Grigolo plays Cassio in Giuseppe Verdi Otello recorded at Gran Teatre del Liceu Barcelona 2006

==Appearances==
- 'Cosi' in Miss Universe 2006 at Shrine Auditorium in Los Angeles, California, United States of America on July 23, 2006.
- 'Camillo de Rossillon' in La vedova allegra at Roma Opera House, Rome December 2007
- 'Rodolfo' in La bohème at the Kennedy Center Opera House, Washington, D.C. September 2007 and at Zurich Opera House, October/November 2009.

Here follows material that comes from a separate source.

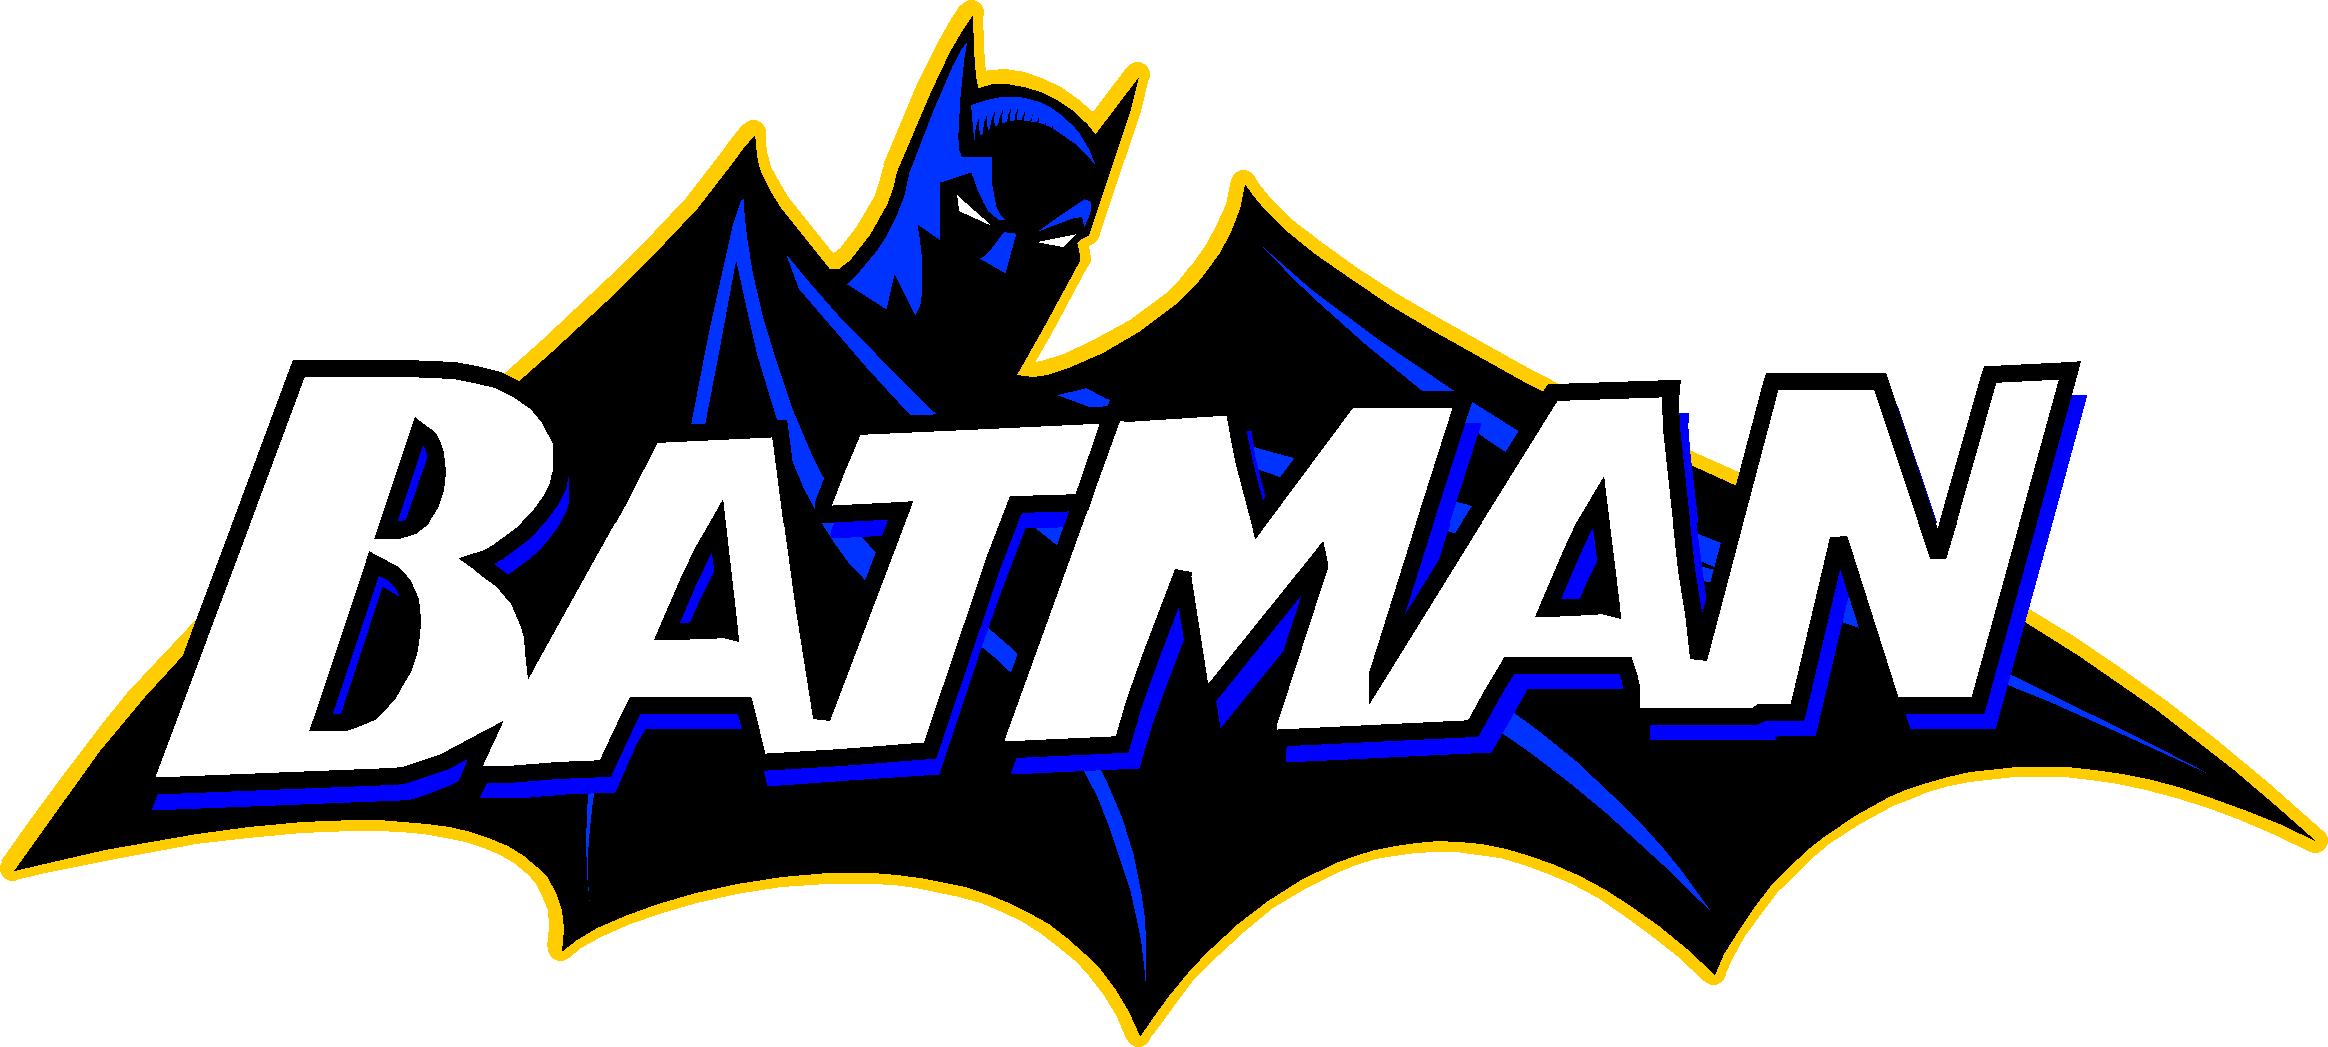 Batman title logo : The Asylum - The Outhouse - The Greatest Comic ...

- Stabat Mater by Rossini at Sydney Opera House Australia, May 2007
- 'Alfredo' in La traviata at Roma Opera Theatre April 2007, at Théâtre Antique d'Orange, Les Chorégies d'Orange, 11 & 15 July 2009, at La Fenice September 2009, Deutsche Oper Berlin September 2009/March 2010
- 'Cassio' in Otello at the Liceu, Barcelona February 2006.
- 'Il Duca de Mantova' in Rigoletto at Hamburg State Opera, September/October 2005.
- 'Don Carlos' in Don Carlos at Geneva Opera House, June 2008.
- 'Edgardo' in Lucia di Lammermoor at Zurich Opera House, September 2008.
- Rigoletto, live from Mantua, 2010 RAI film version of Rigoletto, performed live on location in Mantua, Italy and broadcast simultaneously in 148 countries.
- 'Rodolfo' in La bohème at the Metropolitan Opera, New York, October 2010. It was his debut with the company.
- 'Corrado' in Il corsaro at Zurich Opera House, November 2009/January 2010.
- 'Hoffmann' in Les contes d'Hoffmann at Zurich Opera House, March/April 2010.
- 'Duke of Mantua in Rigoletto at the Metropolitan Opera, New York, 2013
- 'Rodolfo' in La bohème at the Metropolitan Opera, New York, 2014
- 'Hoffmann' in Les contes d'Hoffmann at the Metropolitan Opera, New York, January/February 2015
- 'Romeo' in Romeo et Juliette at the Metropolitan Opera, New York, 2017
- 'Nemorino' in L'Elisir d'Amore at the Royal Opera House, Covent Garden, 2017

==Other activities==
In 2021, Grigòlo co-founded the Swiss art–technology company Valuart, based in Lugano Paradiso, together with entrepreneur Etan Genini and Michele Fiscalini. The firm gained international attention for its NFT reinterpretation of Banksy’s Spike, a work owned by Grigòlo, which was sold at auction for over US$150,000.